* [Problem]: For this exercise, return only the lines in the records below from the one holding "se juntan los" through the one holding "Genuine Toyota Throttle", including both, exactly as they appear and without pictures.

* [Supplied entries]:
==================================================
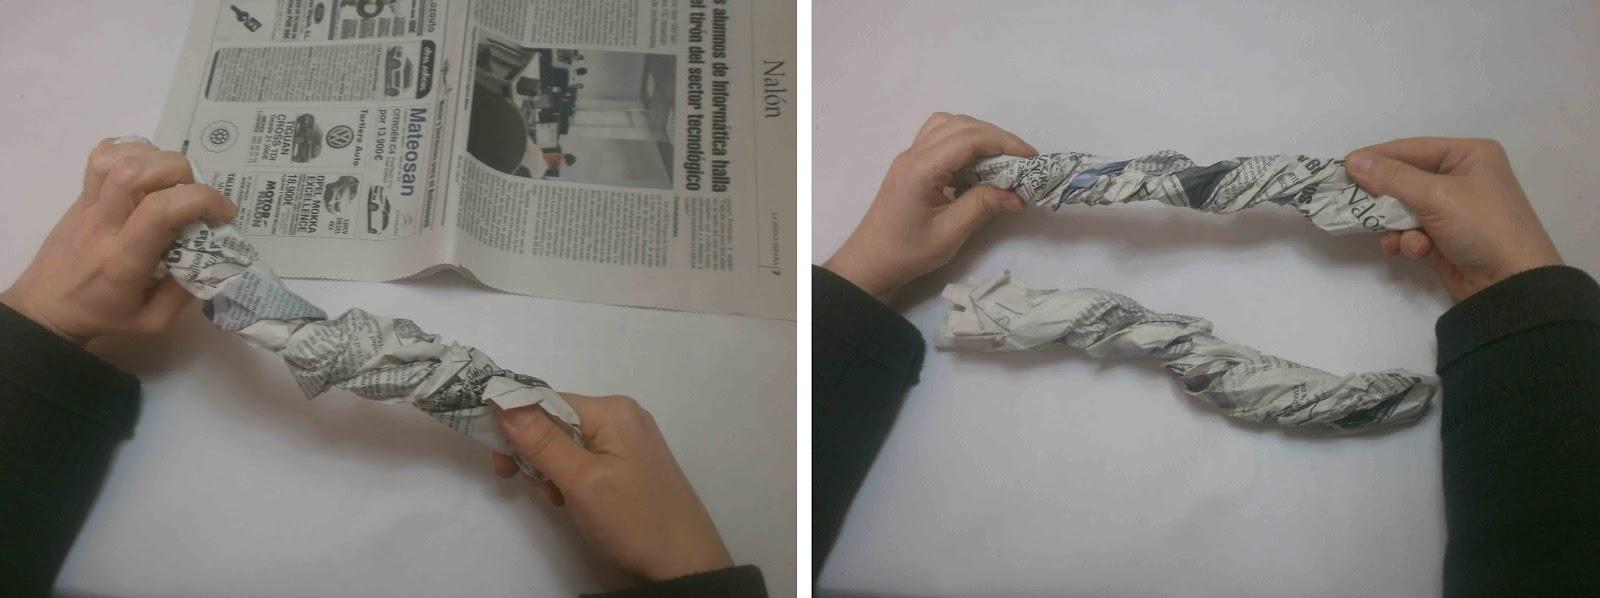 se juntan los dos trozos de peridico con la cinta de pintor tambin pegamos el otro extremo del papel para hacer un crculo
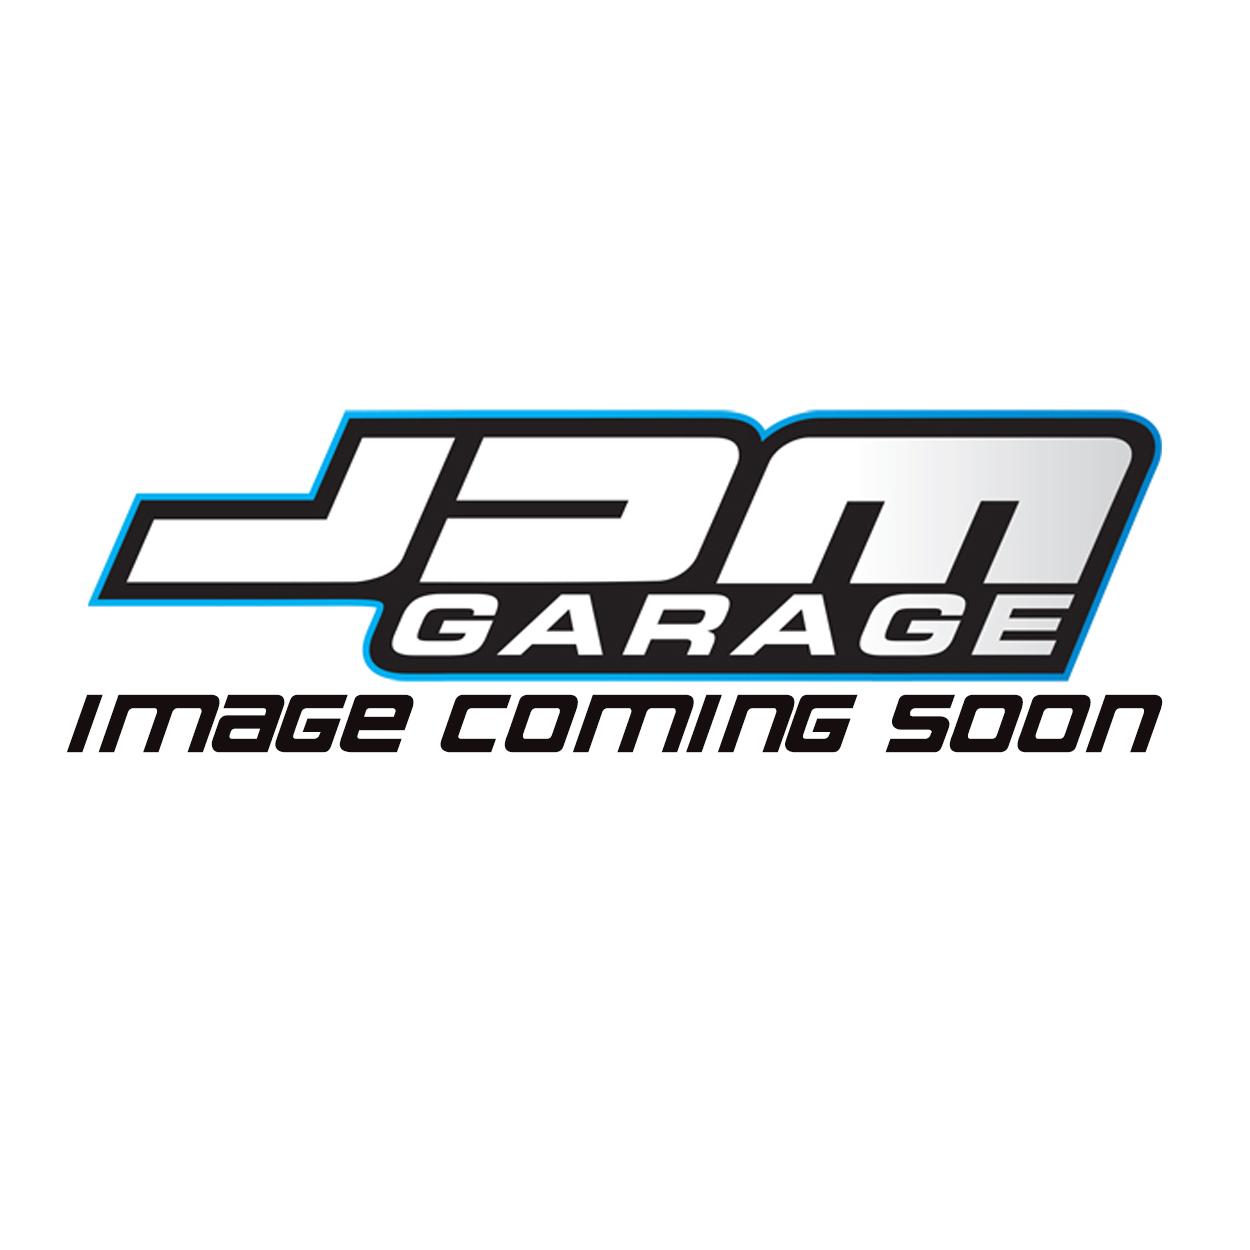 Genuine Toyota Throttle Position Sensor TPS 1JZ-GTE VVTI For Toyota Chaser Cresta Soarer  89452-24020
==================================================
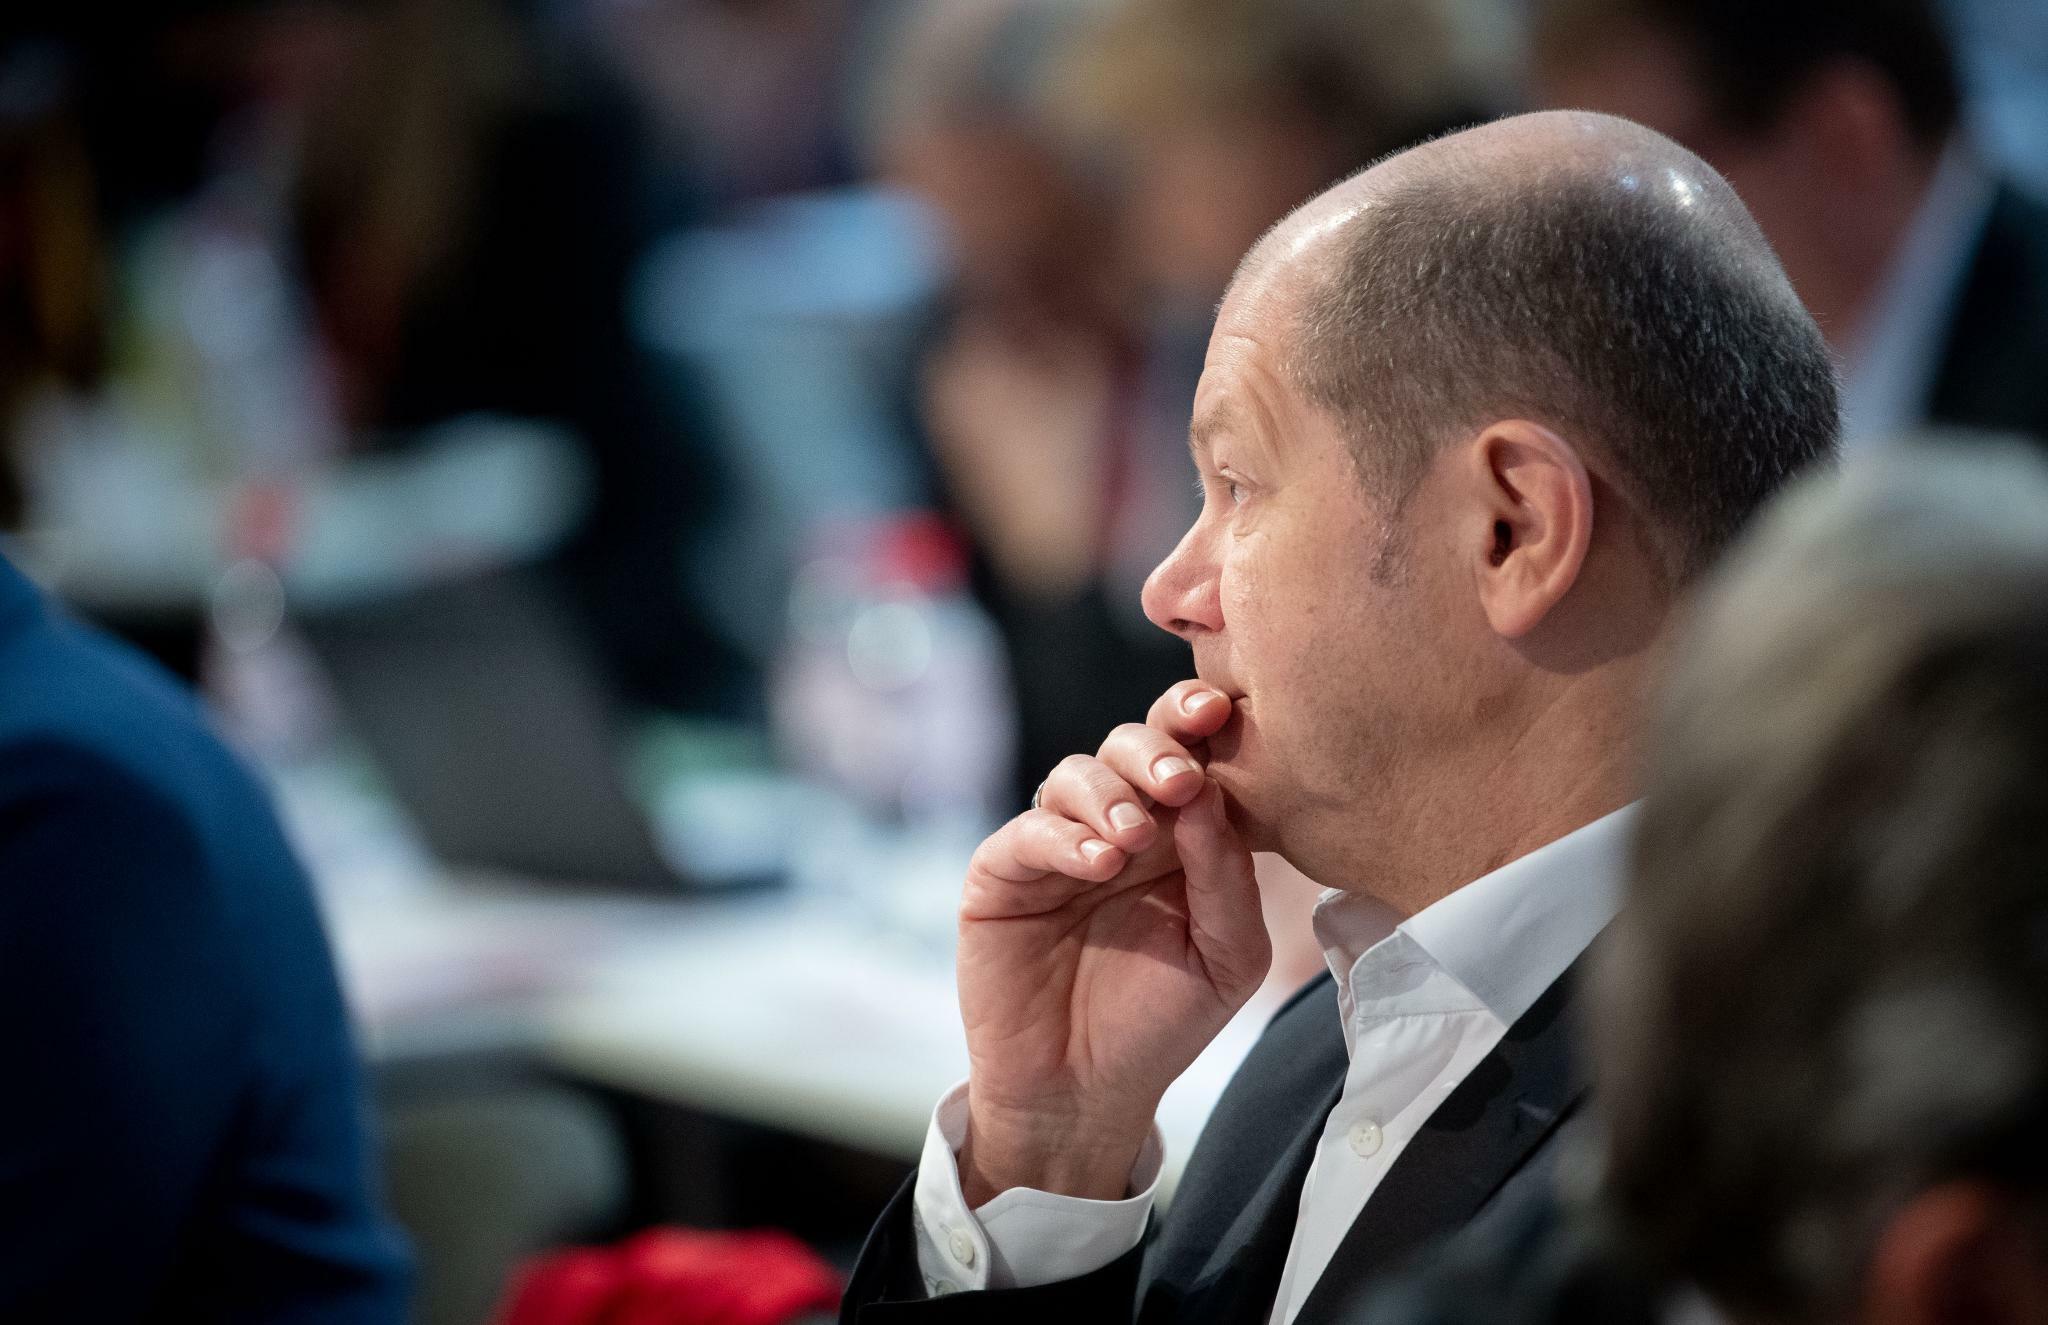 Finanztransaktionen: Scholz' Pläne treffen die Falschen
==================================================
* [Response area]:
 se juntan los dos trozos de peridico con la cinta de pintor tambin pegamos el otro extremo del papel para hacer un crculo
 Genuine Toyota Throttle Position Sensor TPS 1JZ-GTE VVTI For Toyota Chaser Cresta Soarer  89452-24020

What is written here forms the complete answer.